In reality, we cannot easily perform such emulation. In fact, we're lousy at it, despite what we tell ourselves. A recently published article reinforced this point (Reference 1). It explains how, in some carefully controlled performance and efficiency tests, the subjects' attention and coherence dropped rapidly as they tried to multitask. Contrary to what many people would expect, the subjects accomplished less when they did several things at once, especially when some of the tasks were at least moderately difficult.
Another basic engineering rule also doesn't apply to us, although we think it does. Nyquist's theorem states that if you sample quickly enough, you can capture all the information a signal conveys. But this fact does not mean that you can flit from topic to topic, meeting to meeting, or task to task and still have the concentration and insight you need. Unfortunately, some overworked engineers and their managers think that you can.
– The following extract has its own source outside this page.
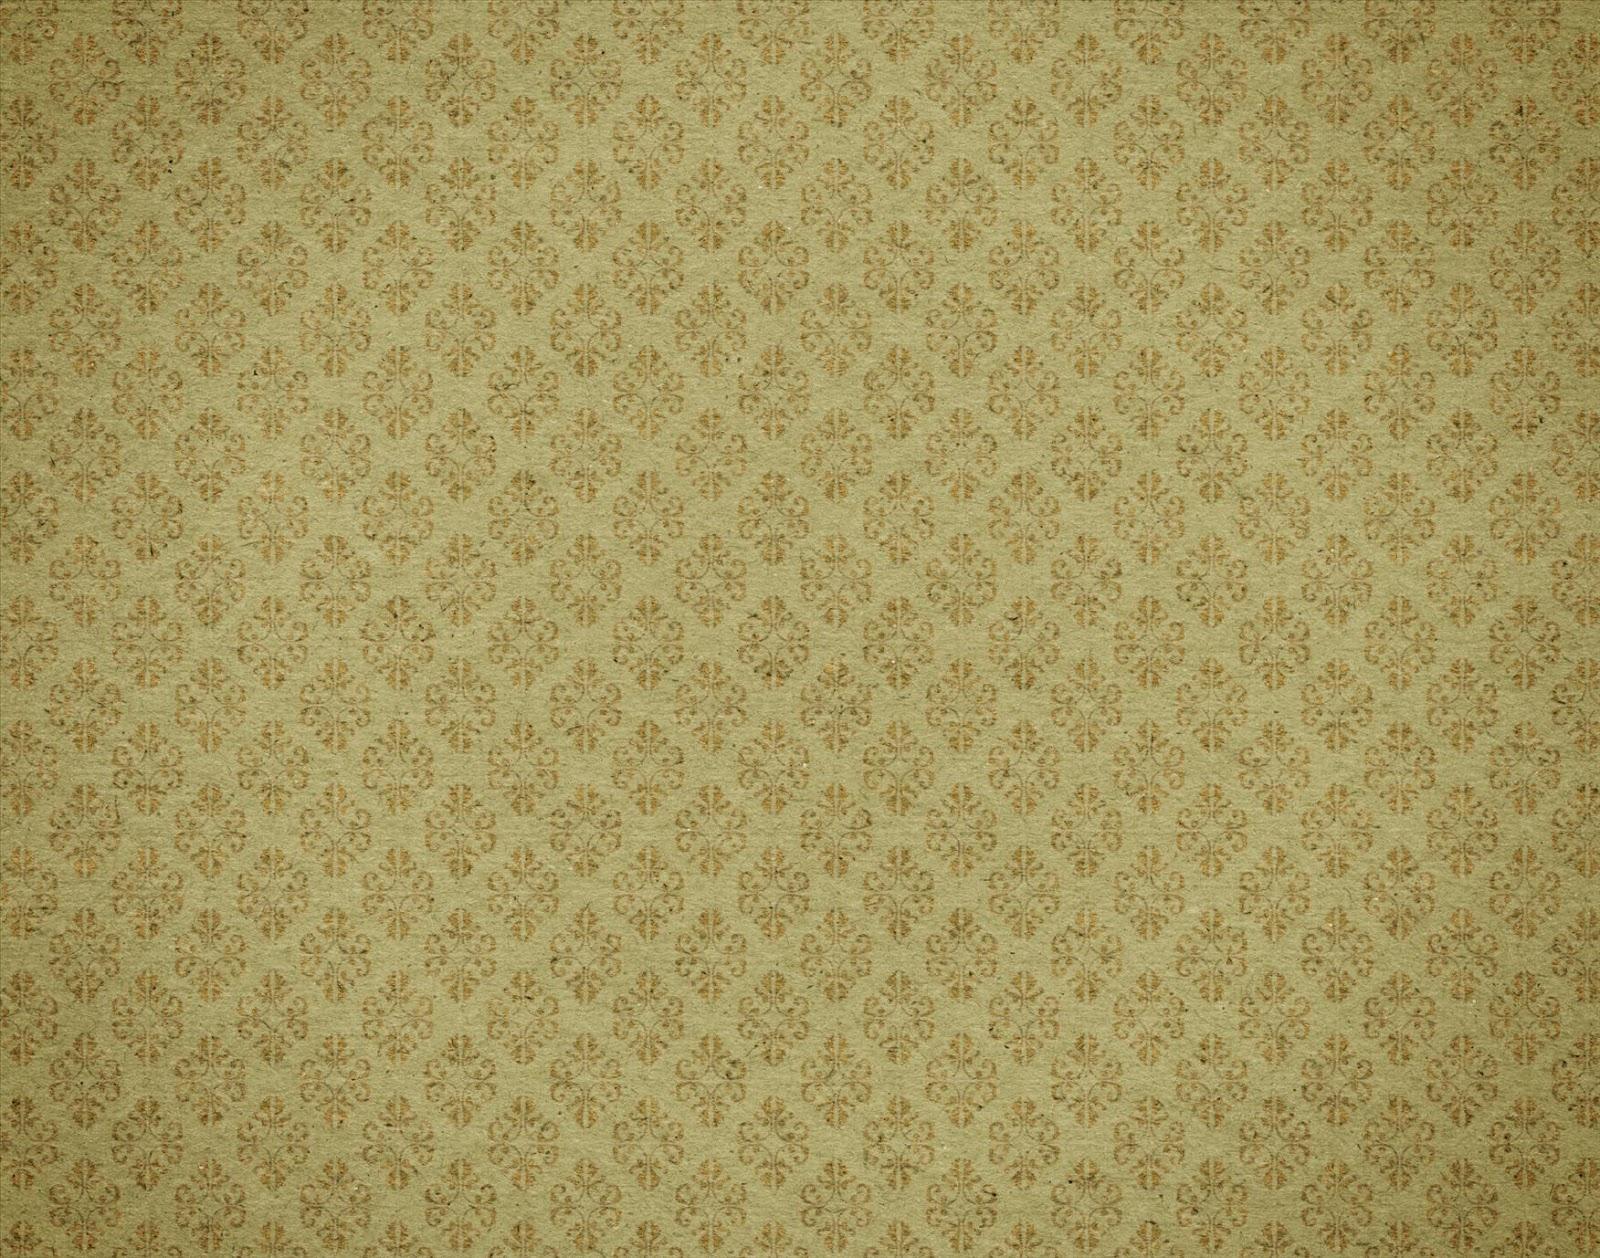 vintage desktop wallpapers vintage wallpapers vintage wallpaper 1600x1258

If you review what advanced researchers know about how the brain works, you'll learn that the short answer is "not much." Despite years of serious investigation, testing of individuals, scans of brain activity, and more, researchers know little about how the brain operates: how it stores and recalls basic data, still and moving images, and sounds; implements short- and long-term memory functions; searches for data in foreground and background modes; performs pattern-recognition; recognizes voices and pictures; understands and translates languages and idioms; makes judgements; deals with new situations and problems; and takes those creative leaps that even the best supercomputers, such as chess champion Deep Blue, cannot make, despite their incredible computational prowess. It's foolish to think that you can become like the processors and operating systems you know and use when the underlying systems differ so radically.
How does this concept apply to engineering and design? The lesson is to focus when you are doing something that counts in your design effort and concentrate on the priority. Don't let the sirens of multitasking, context-switching, or Nyquist sampling lure you away. When you are performing design-tolerance analysis, posing what-if scenarios, developing product documentation, writing a critical report, or performing any other project tasks, your quality and productivity will improve when you work on one important thing at a time—despite how easy it seems and how pressured you feel to do many things at once.